▶ Your goal
Set down a true copy of the data, with all pictures left out.

▶ Given information
=== Section Start ===

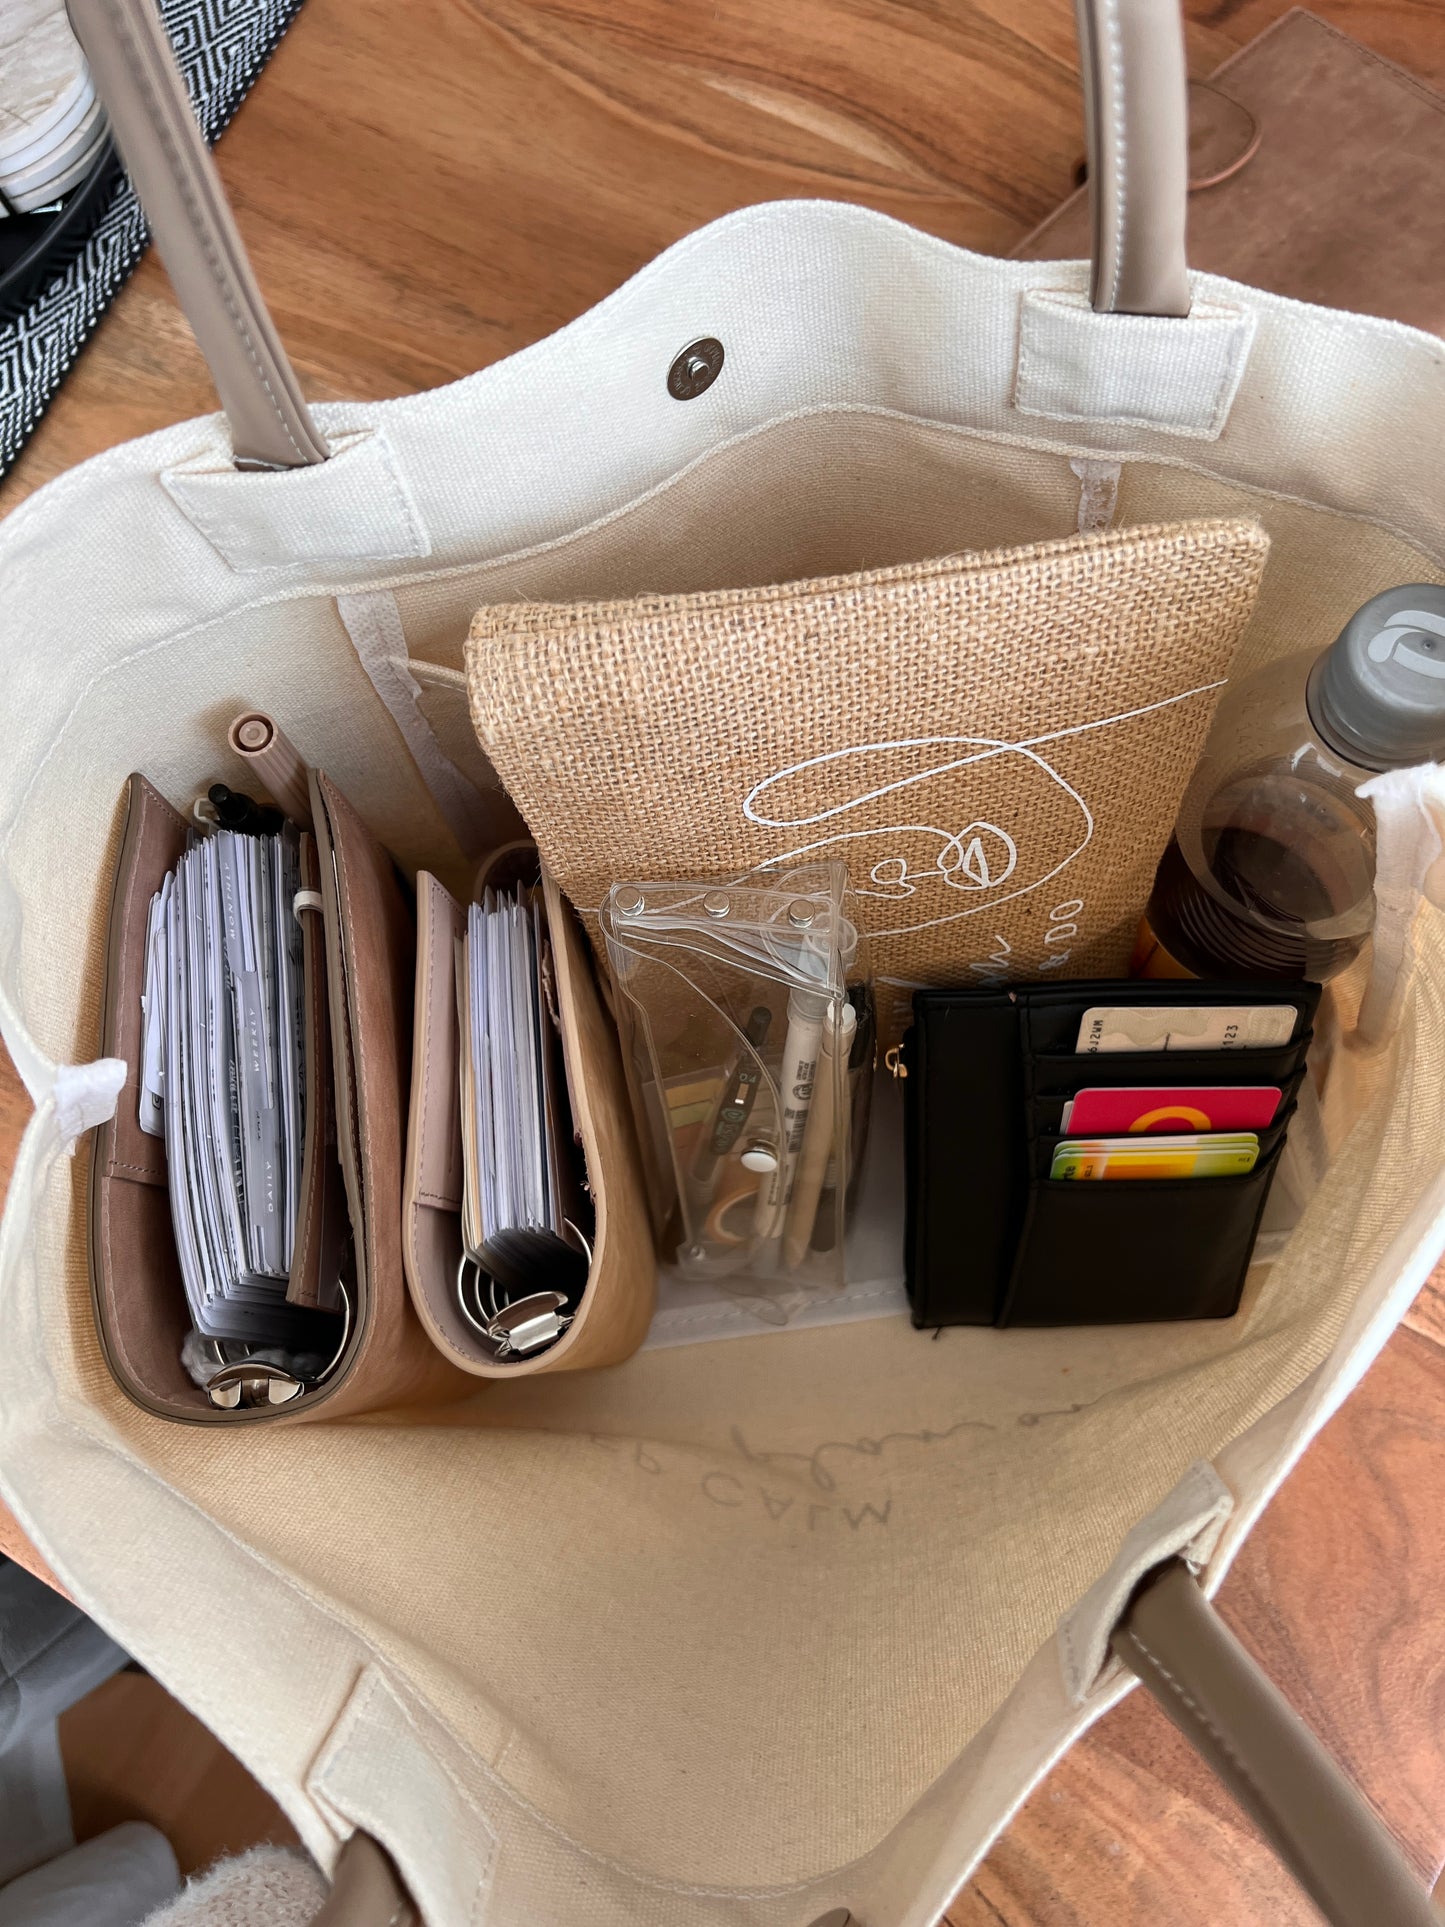 Canvas Tote Bag • Keep Calm & Plan On • PU Leather Handles
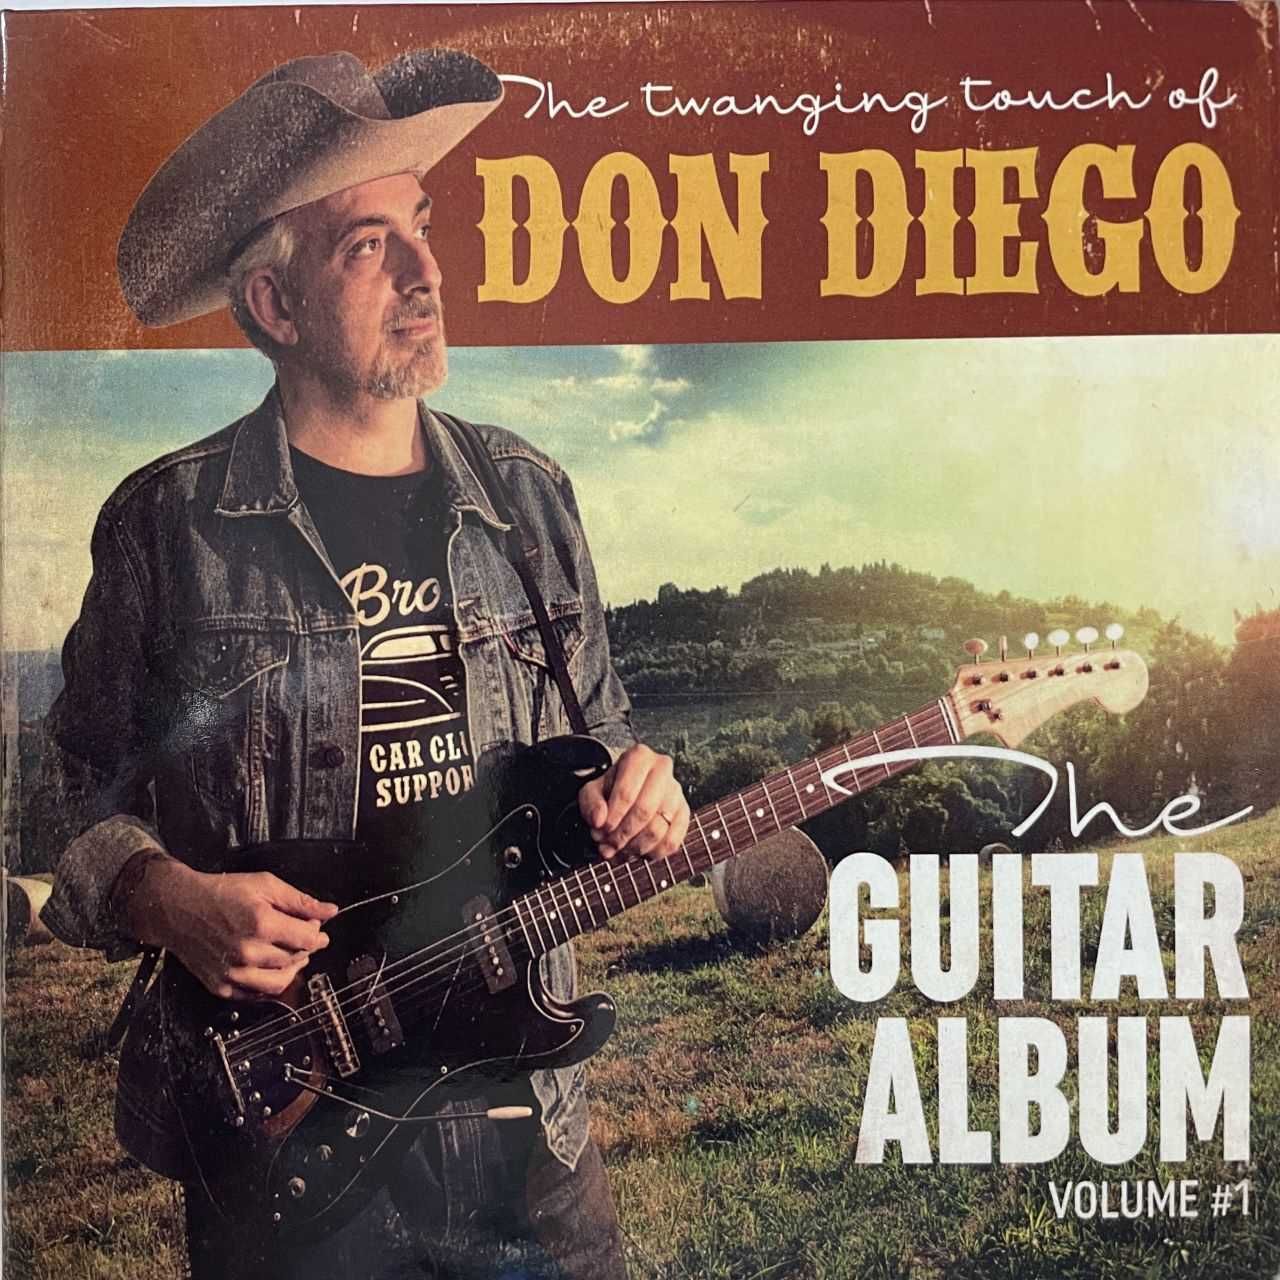 Don Diego - The Guitar Album Vol #1 cover album
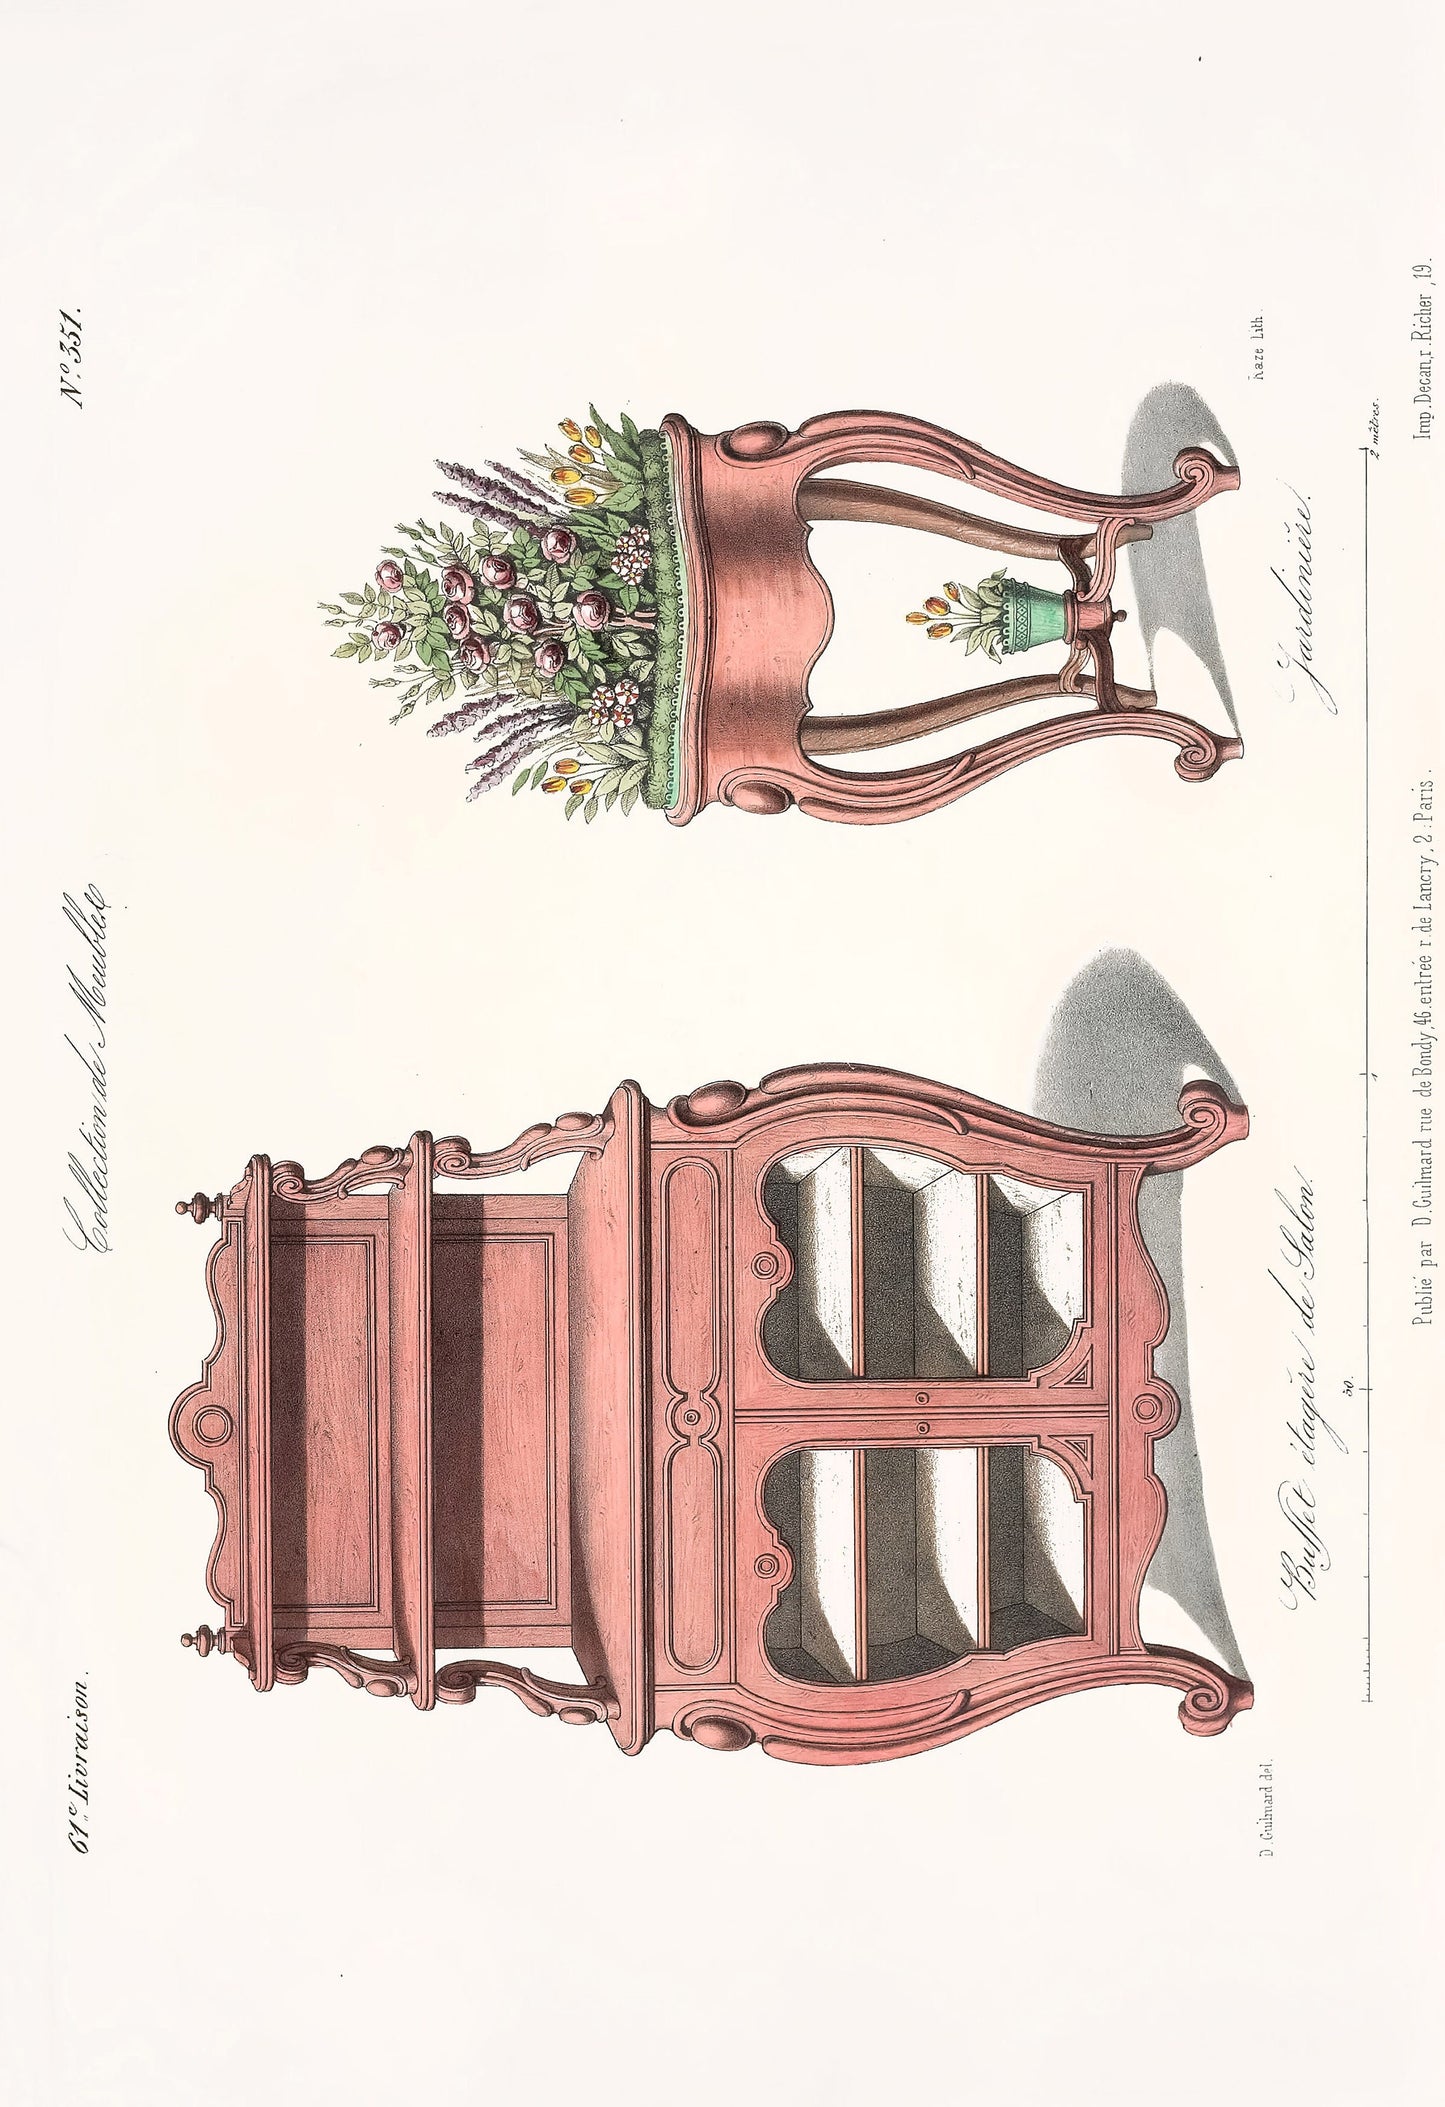 French Home Furniture & Decor Illustrations Set 5 [76 Images]

=== Section End ===

▶ The answer
 Canvas Tote Bag • Keep Calm & Plan On • PU Leather Handles
 Don Diego - The Guitar Album Vol #1 cover album
 French Home Furniture & Decor Illustrations Set 5 [76 Images]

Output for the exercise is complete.